Поистине город походил на чертоги Аида, на мрачный Тартар, редко освещенный грязно-желтым светом уличных фонарей. Недаром, легенды гласят, что основатели города в процессе строительства изгнали всех кротов, веками населявших эту землю. После этого якобы на жителей города легло проклятие. С тех пор люди рождаются здесь подслеповатые, с огромными руками, а сам город стал средоточием мрака, холода, сырости и безысходной тоски. Мякишев медленно брел по проспекту Бухар-Жырау, где обычно в это время суток собирались все проститутки города, чтобы заманить в свою холодную постель всякого заплутавшего бродягу. Женщины вели себя крайне вызывающе: облизывали губы, хлопали себя по ляжкам, курили трубки, шили чепчики, дрессировали обезьян, нюхали диффенбахию и рассказывали друг другу дзэн-буддийские байки. Все это будило в Мякишеве дикое желание. Сексуальная энергия, скопившаяся в теле Мякишева за тридцать лет, судорожно искала выход, страстно рвалась наружу, но Мякишев всегда надувал щеки, сжимал кулаки и сдерживал ее натиск. Он боялся женщин, в их присутствии Мякишеву становилось дурно, он не знал, куда себя деть, когда на него в упор глядела какая-то размалеванная бабенка.

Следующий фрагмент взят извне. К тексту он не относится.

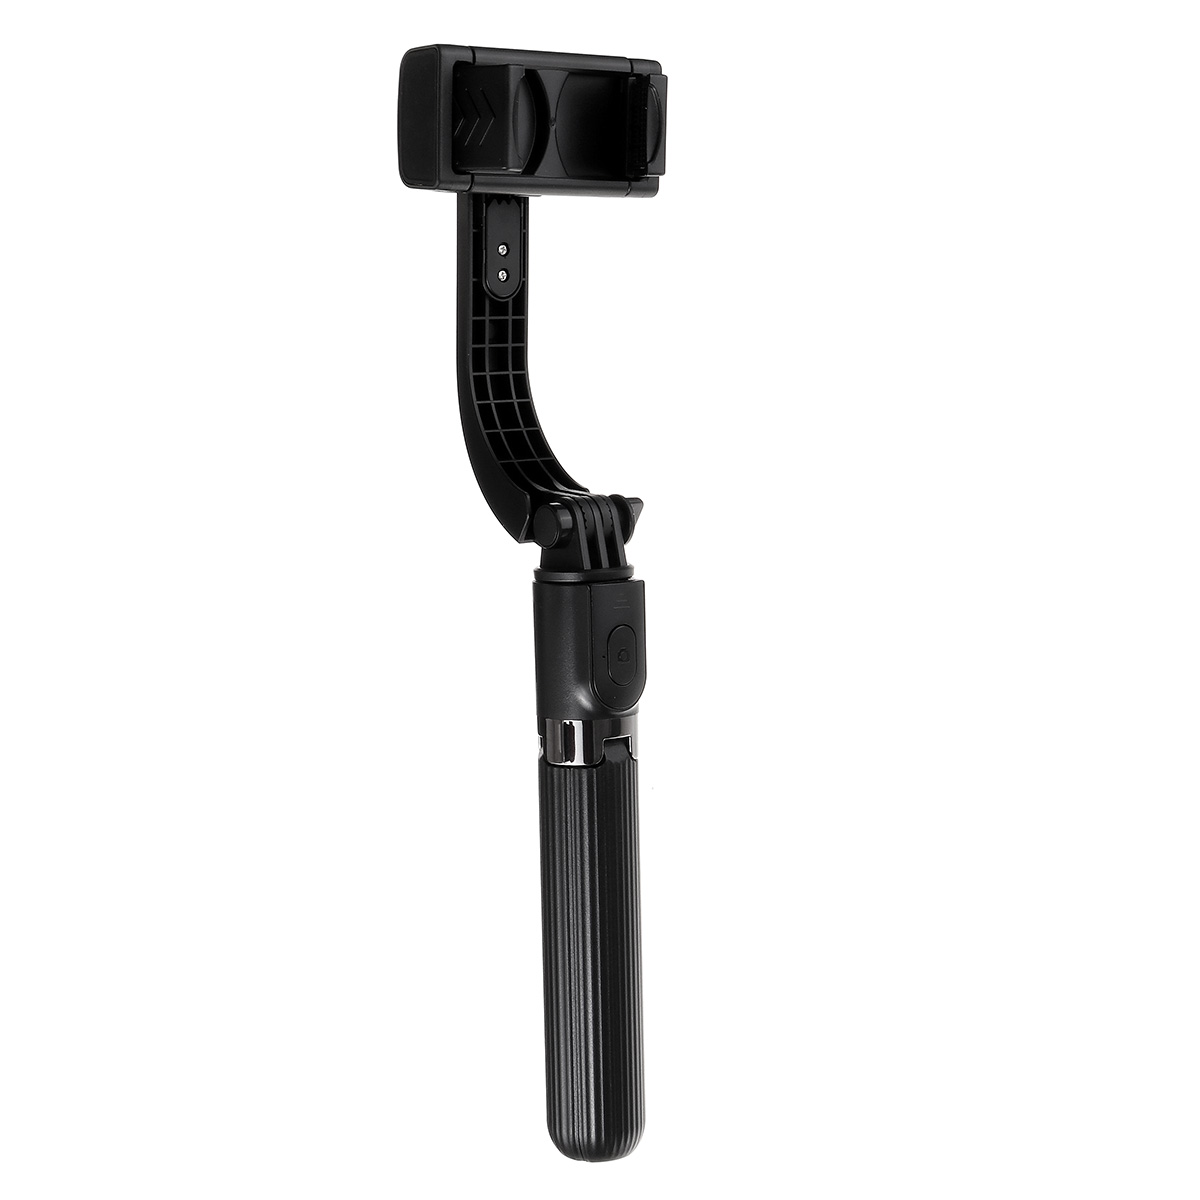 L08-Handheld-Extendable-bluetooth-Aluminium-Alloy-Tripod-Selfie-Stick-for-Mobile-Phone-Shooting-Stab-1916702-4

Но сегодня почему-то он решил плюнуть на все это и снять одну из этих девочек. Он выбрал ту, что была похожа на Елену Денисьеву, чтобы хоть как-то облагородить будущий преступный акт. Денисьева сразу согласилась, осклабилась, взяла его под руку, и они зашагали по направлению к гостинице. Всю дорогу Мякишев раскаивался в том, что позволил превратить себя в нелепого андрогина, способного только рассмешить богов, а не устрашить их. Чтобы как-то скрыть раздражение, он пытался наладить разговор со своей продажной половиной. Денисьева оказалась бывшей актрисой, которая так вошла в роль проститутки, что уволилась из театра и пошла на панель. Войдя в номер, она бросила на кровать сумочку и пошла в ванную. Из сумочки выпала книга. Мякишев взял ее в руки и осторожно открыл. На первой странице он прочел: «Шиол гак дудза беранта риол штарпарь ти. Диграм твекшт партиль быбор каулио типряц фартроп».

— Что за обезьяний язык? — подумал Мякишев.

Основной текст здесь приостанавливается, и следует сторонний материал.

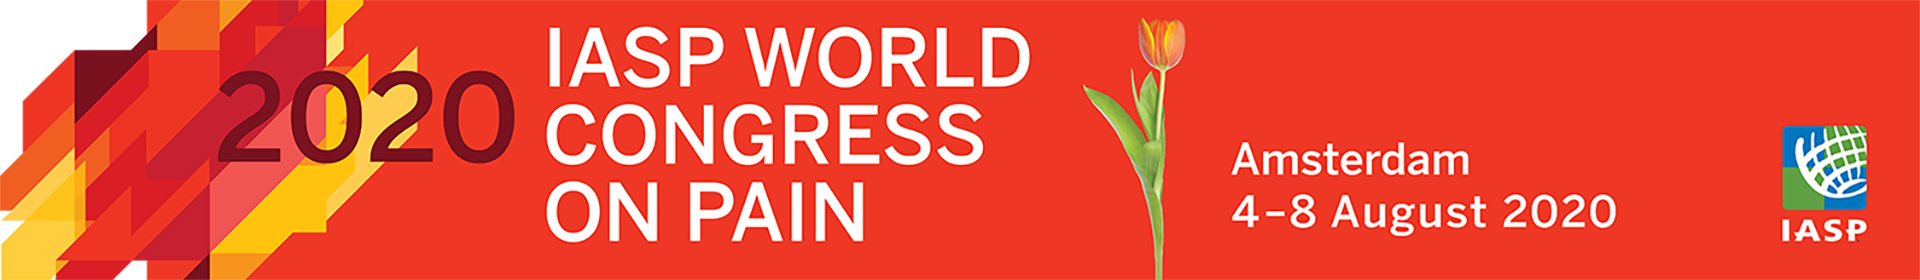 IASP 2020 World Congress on Pain Event Banner

— Это обезьяний язык, — пояснила проститутка и стала раздеваться.

Мякишев тоже разделся, и они легли в постель.

— Начинай, — прошептала Денисьева.

— Хорошо, — неуверенно отозвался Мякишев. — В чем смысл жизни?

— По-моему, смысл жизни заключается в поиске новых способов удовольствия.

— И все? Жить только ради удовольствий?

— Чему ты удивляешься? Мой смысл жизни является универсальным. Все, ради чего ты живешь, неизменно доставляет тебе удовольствие, даже о самоубийстве ты помышляешь только потому, что это доставляет тебе удовольствие. Создание семьи, служение Богу, самореализация, подвиг во имя Отечества, — все это имеет смысл только потому, что является особым способом удовольствия.

— Разве смысл не нечто большее? Пусть мы живем по принципу удовольствия, но, возможно, смысл жизни в том, чтобы сделать совершенно противоположное удовольствию, отказаться от него.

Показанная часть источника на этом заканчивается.